**Task details:** What is wanted is every line below from the one with "Czapka Poc 2" up to and including the one with "71 Black Spiderman", retyped exactly, pictures excluded, nothing else.

BEGIN Source data

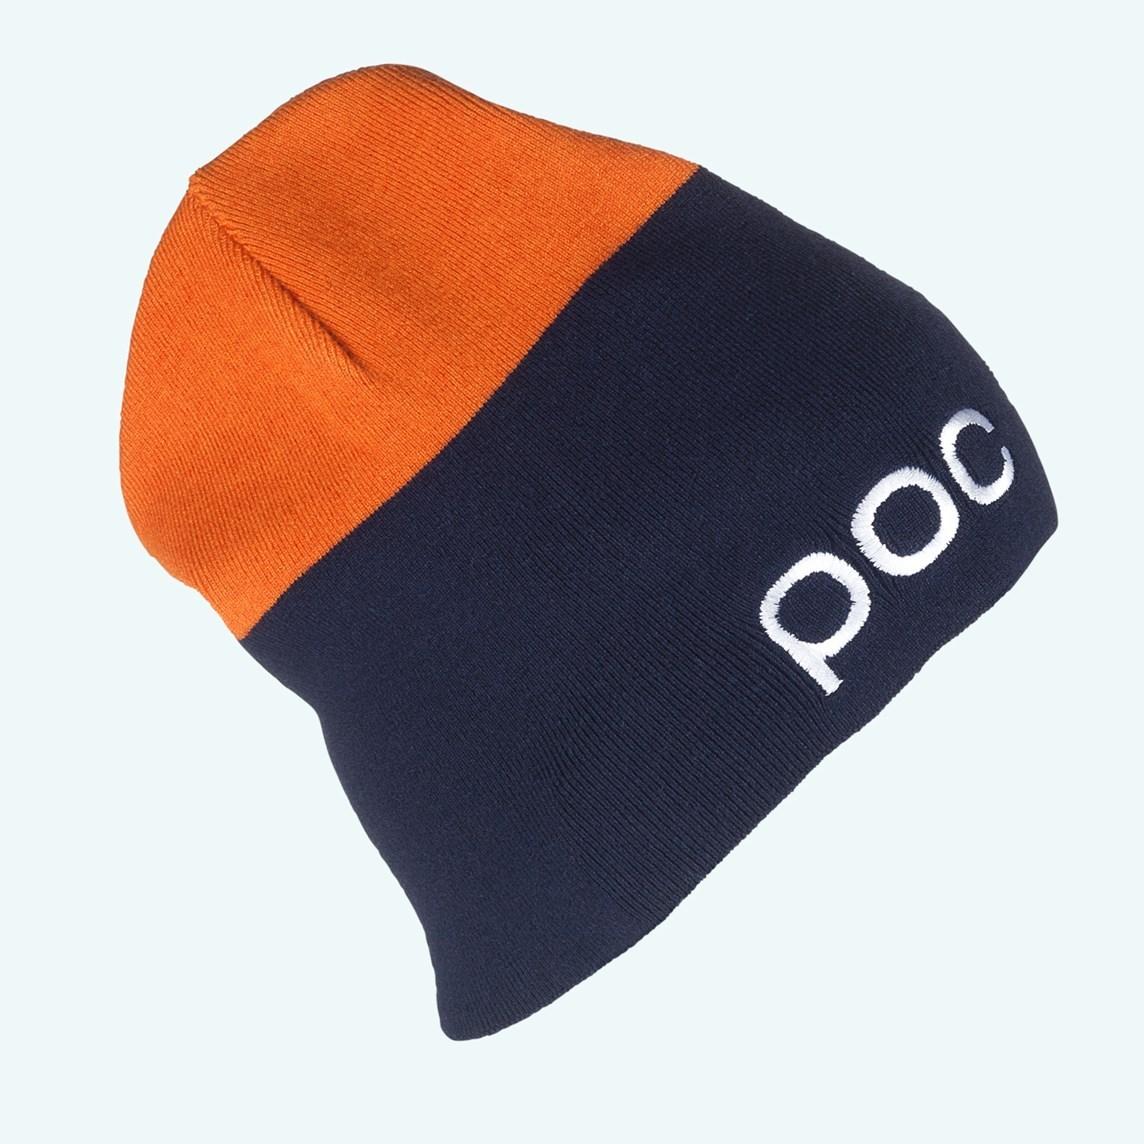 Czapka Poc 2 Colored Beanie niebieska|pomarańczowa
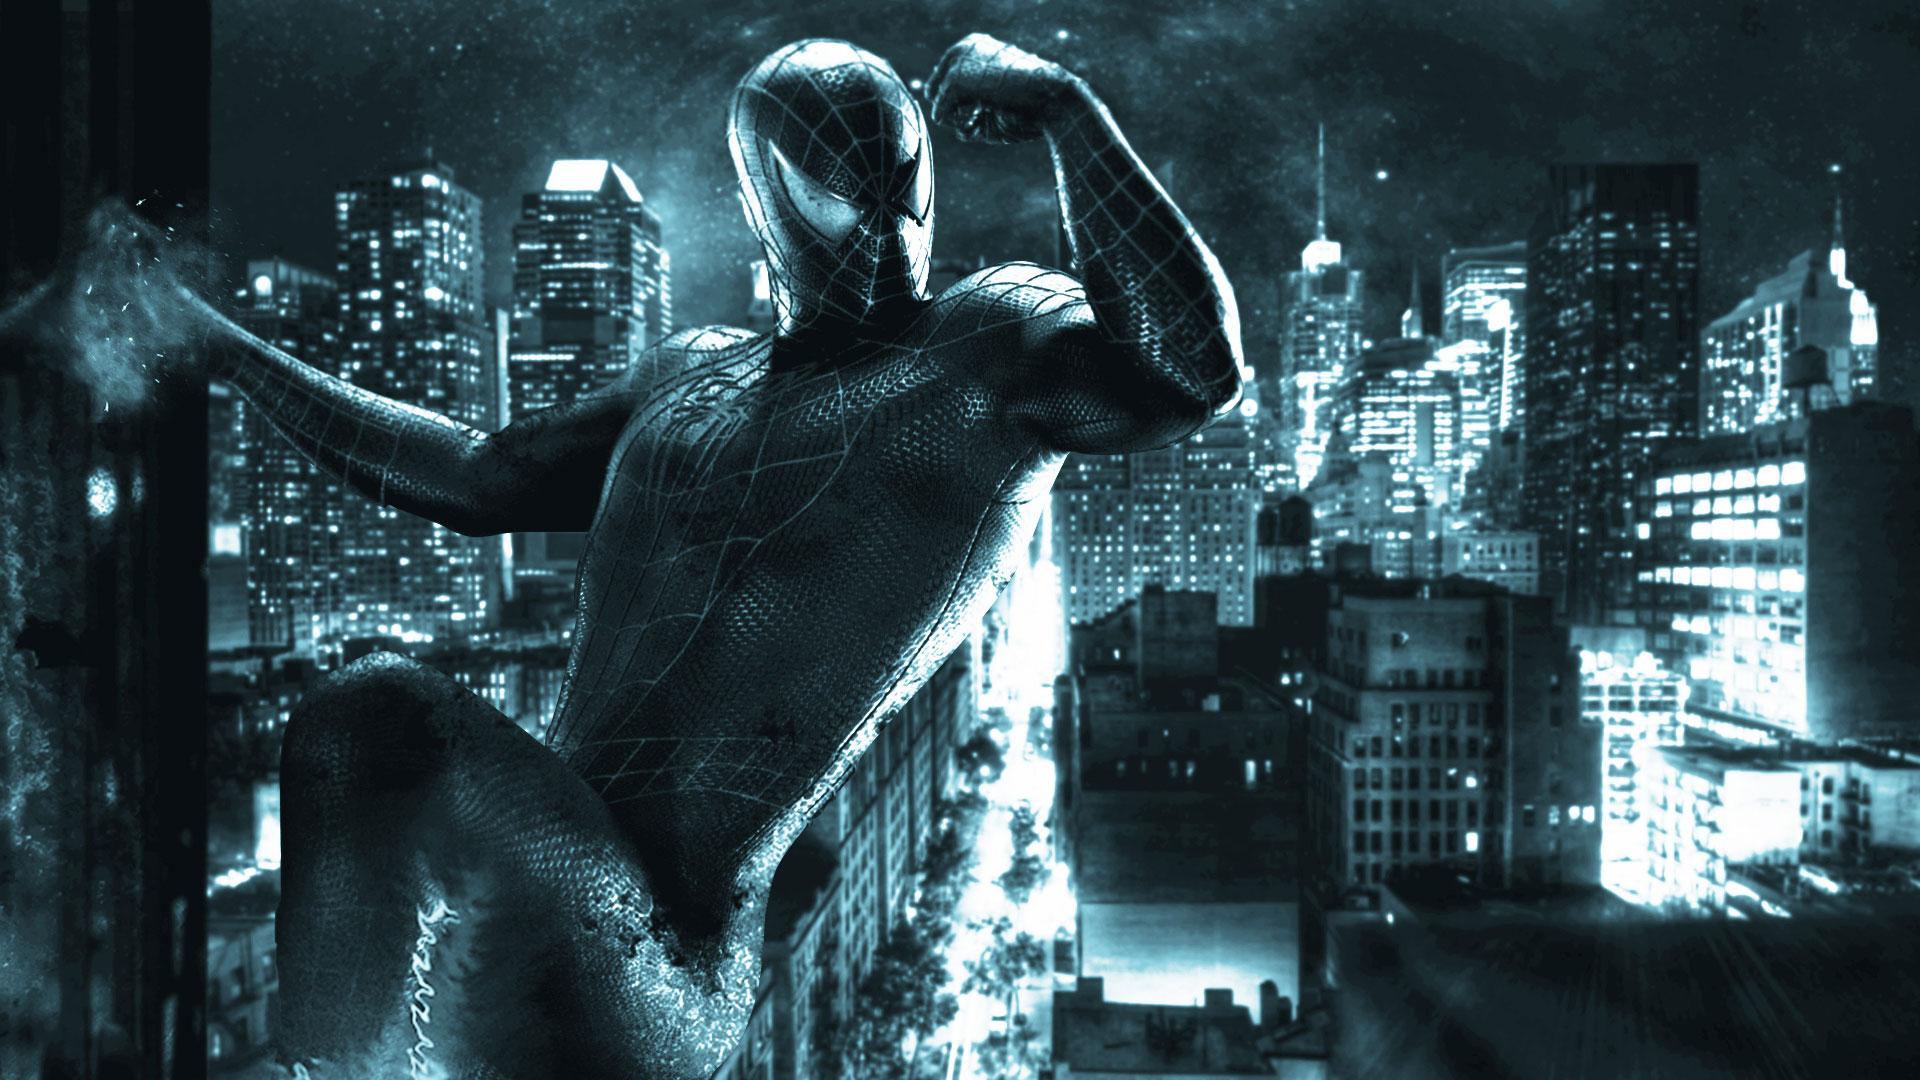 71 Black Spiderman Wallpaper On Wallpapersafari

END Source data
BEGIN Source data

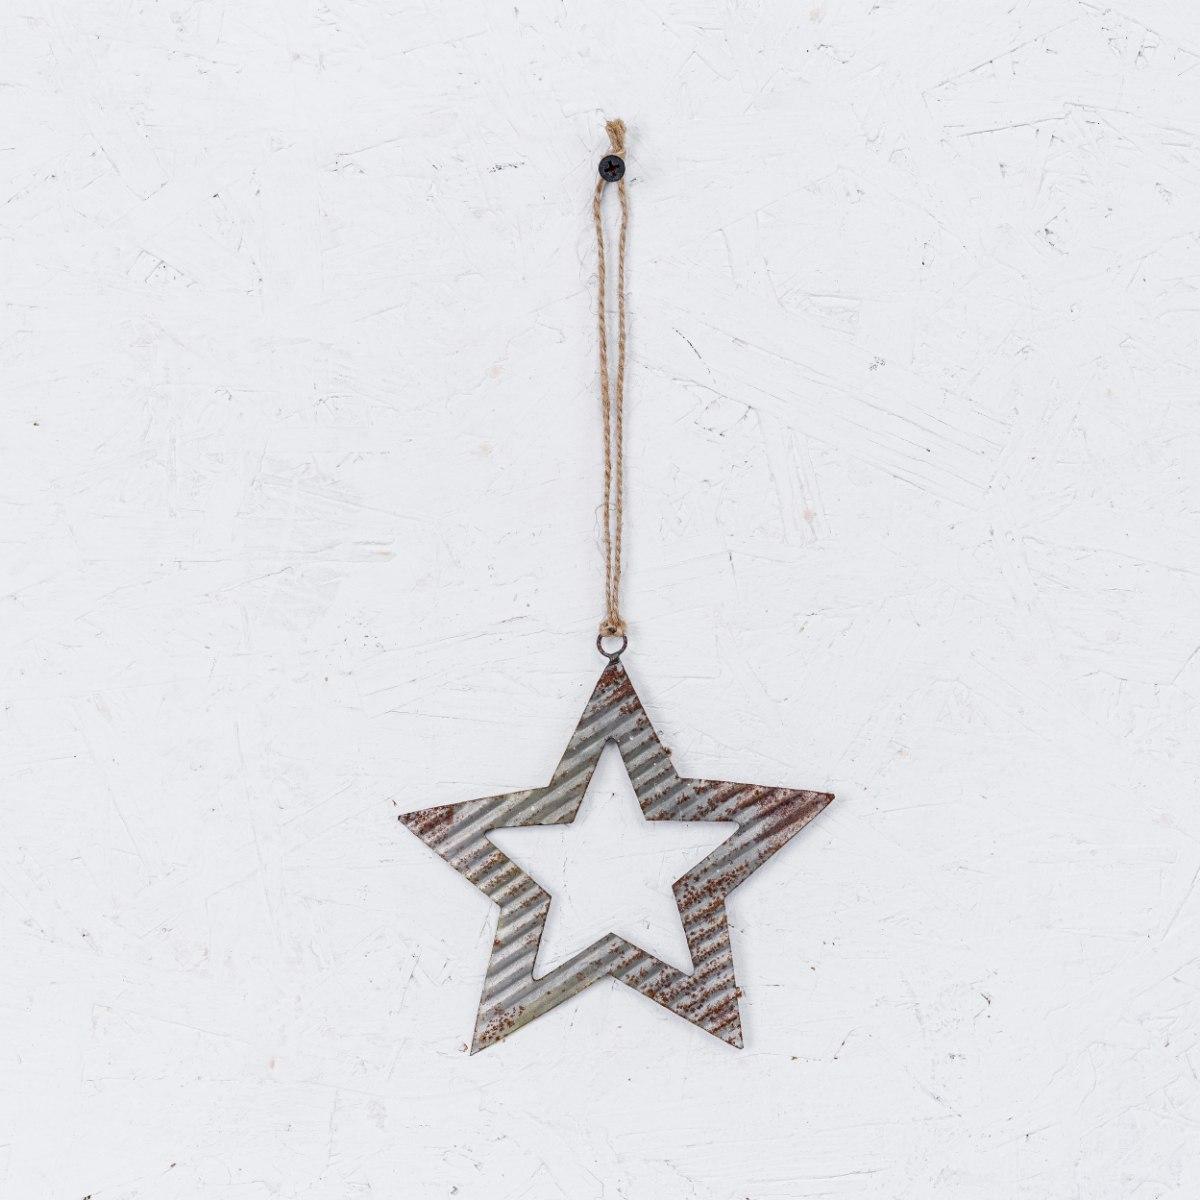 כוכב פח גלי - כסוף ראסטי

END Source data
BEGIN Source data

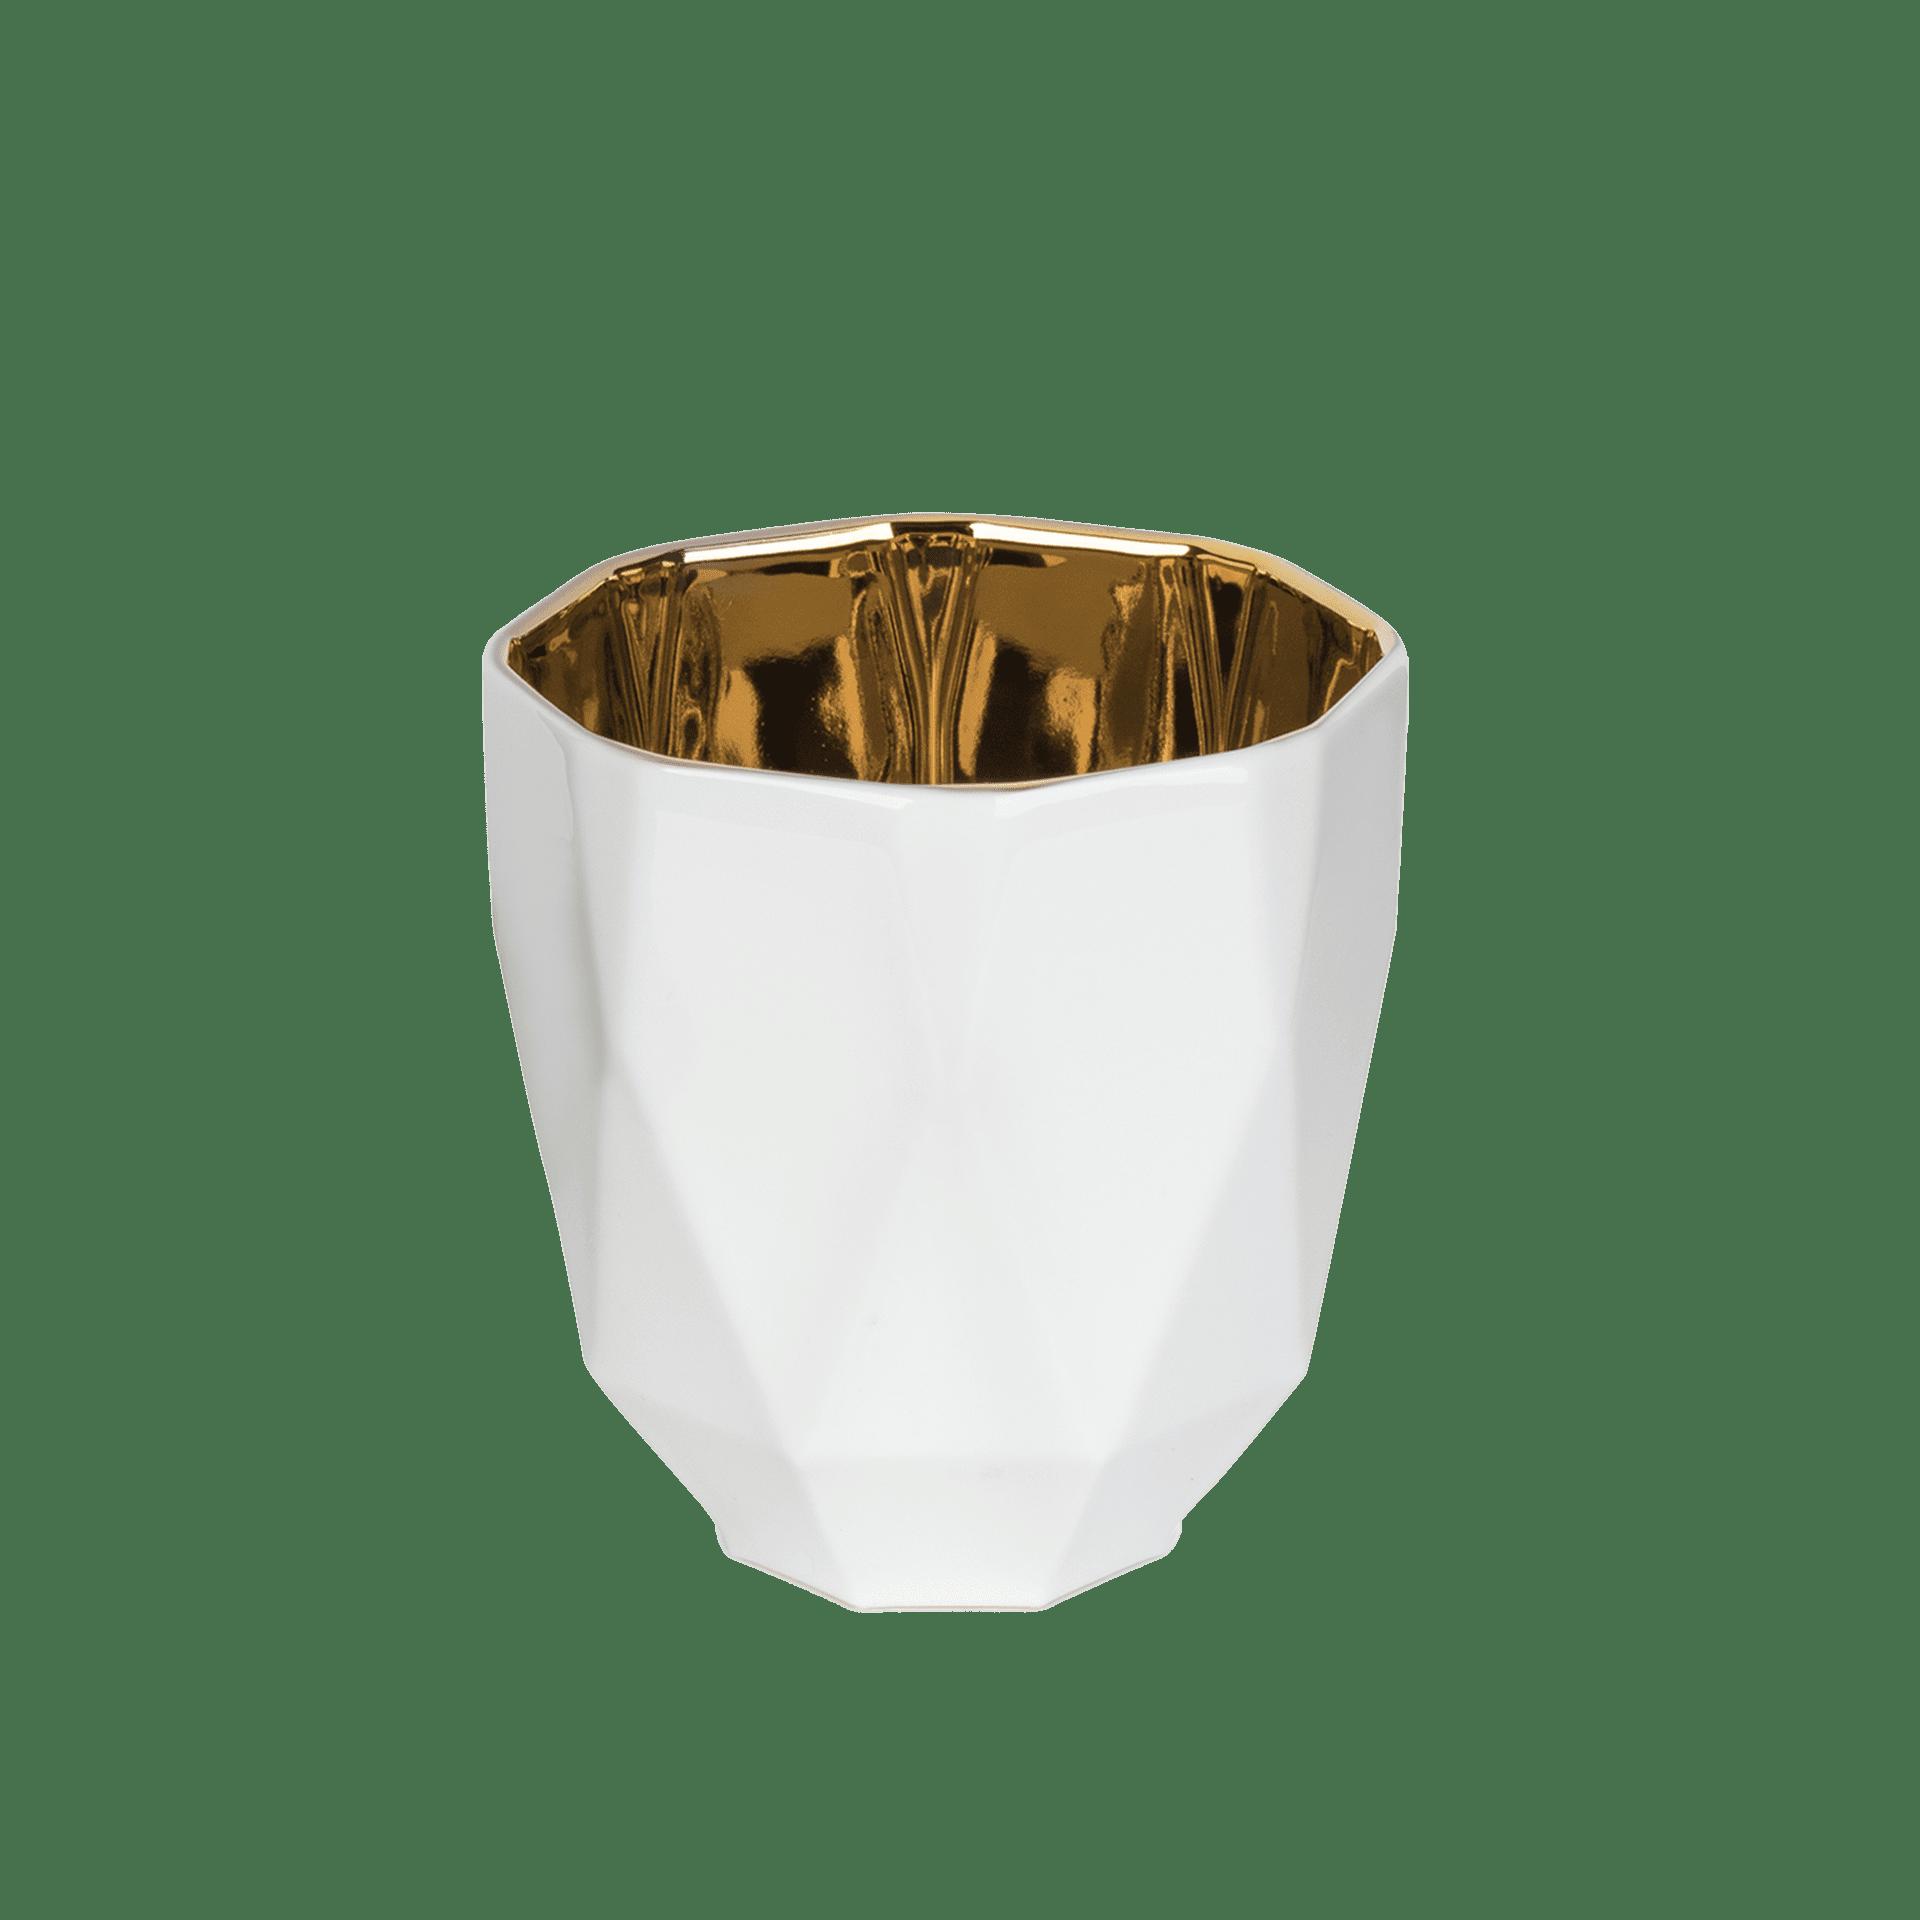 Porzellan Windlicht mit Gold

END Source data

**Exercise response:**
 Czapka Poc 2 Colored Beanie niebieska|pomarańczowa
 71 Black Spiderman Wallpaper On Wallpapersafari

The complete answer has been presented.